How can MLB fix blackouts?
The problem this raises for MLB is that it really needs to get butts in the seats. Specifically, it needs to get young butts in seats. MLB has faced a steady decline in attendance for the past decade, according to the New York Times in 2019 (before the pandemic). Meanwhile, younger people, are completely unable to watch games in the same way they watch everything else — on their phones or tablets.
Is there a light at the end of the tunnel? Maybe. The latest overture by MLB management is an idea that is not awesome, but not terrible either — a brand new streaming service that will carry home-market games alongside MLB.tv which will carry out-of-market (read: you don’t care about these) games. The New York Post reports that even the NBA and NHL might get in on the action and give you year-round sports. To make this work, MLB will offer partial revenues to RSNs to make up for lost subscriber numbers. Meanwhile, in theory, the streamed broadcasts would be the same as the TV broadcasts, commercials, and all.

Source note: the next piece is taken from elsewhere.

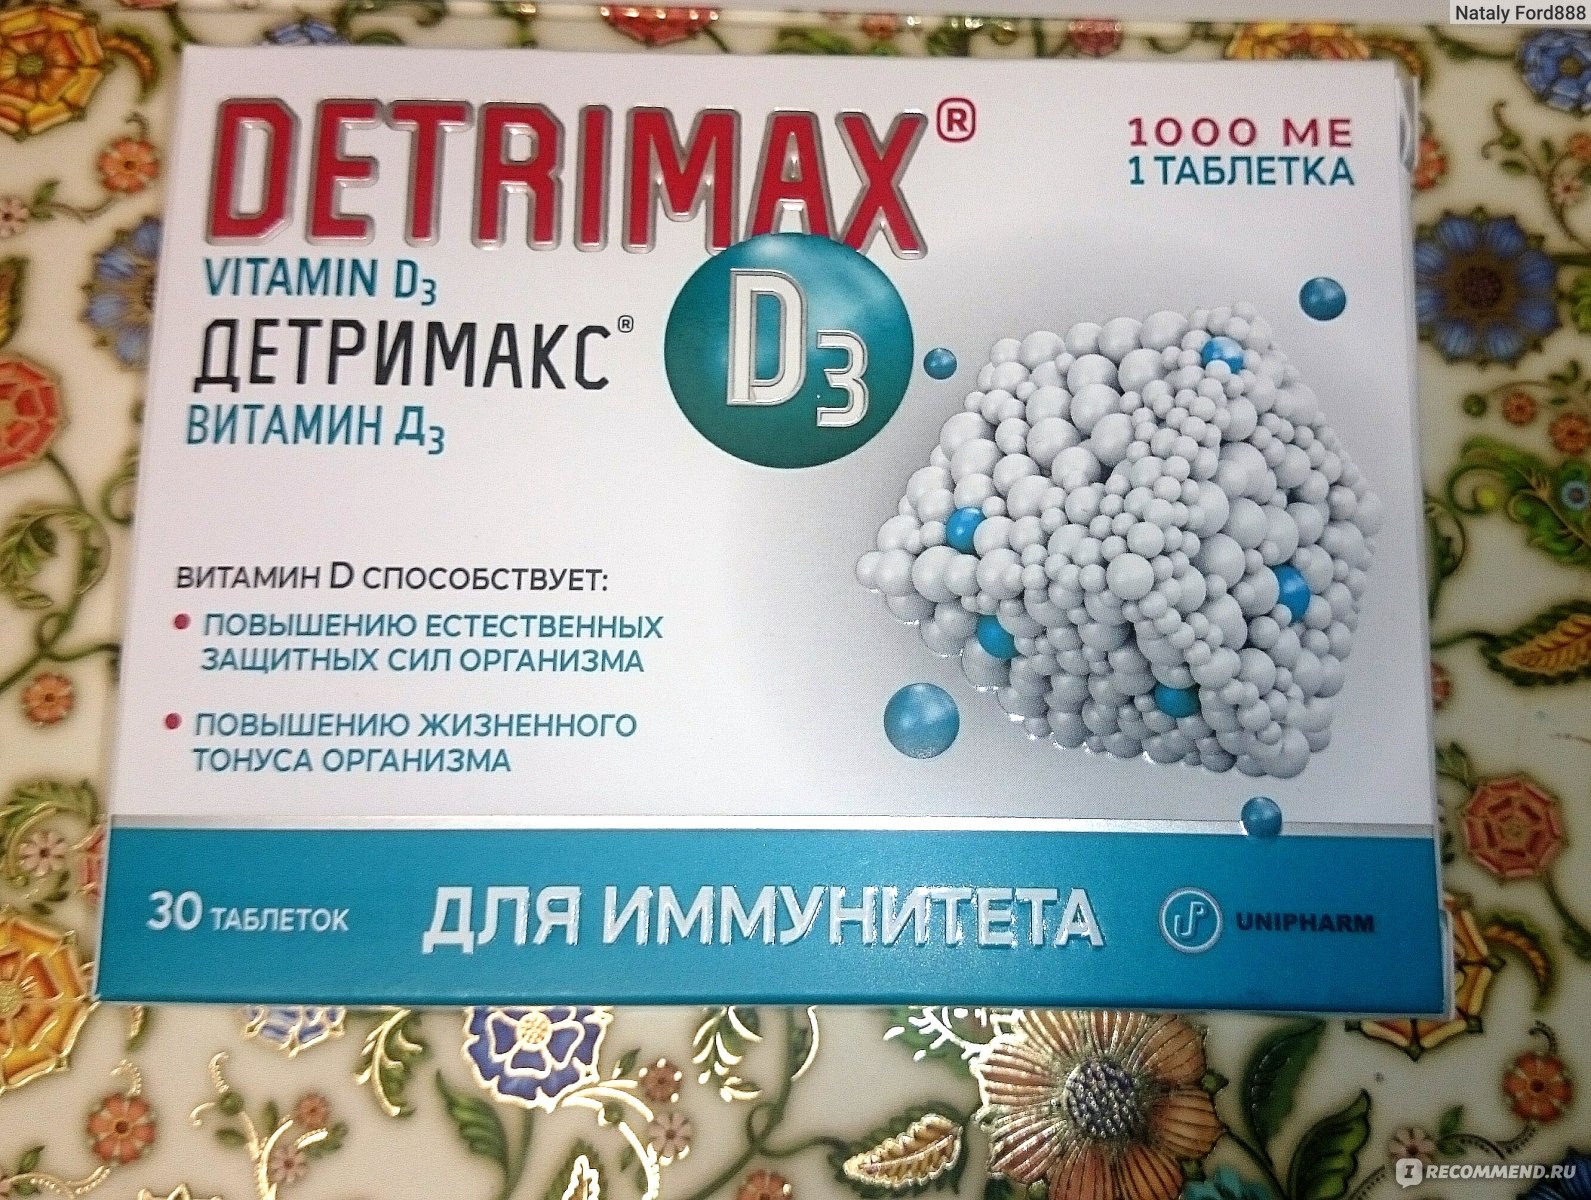 Как принимать таблетки детримакс 2000

Unfortunately, in order for this to work, let’s round up the number of entities with which the MLB will need to negotiate:
Perfect. That shouldn’t be a problem at all. Coming in 2023. Maybe.
Streaming services could actually be better than blackouts
I will repeat again that I am not an expert on negotiating broadcast rights contracts, but MLB has one killer card to play in these negotiations — data. When you consider the kind of data MLB and RSNs could harvest from individuals streaming games, it can become super tempting. That’s not great for sports fans who in addition to watching commercials are also paying a subscription while at the same time “becoming the product” as the saying goes. With that data, MLB and RSNs could get an even better idea of just who is watching games, for how long, when they’re tuning out, and more.
Apple might have something to say about that of course, with a slew of Friday games this season. And Peacock has some games — on Sunday mornings. But subscription services require accounts, and accounts mean data. As a fan, I can’t say I’m thrilled having another organization buy and sell me like a prized sheep, but if it allows me to watch my beloved Cubbies, it’s a sacrifice I’m willing to make. As a cord-cutter, live sports is my last headache. I’d wager there are a lot of people who feel the same.
What I know is that if MLB wants to get to the eyes of young fans, MLB needs to go where those fans are watching. Kids are streaming, and if MLB wants kids to be able to watch, get interested, grow up, and become season ticket holders, it’s going to have to figure this out soon. Fans like me are getting impatient.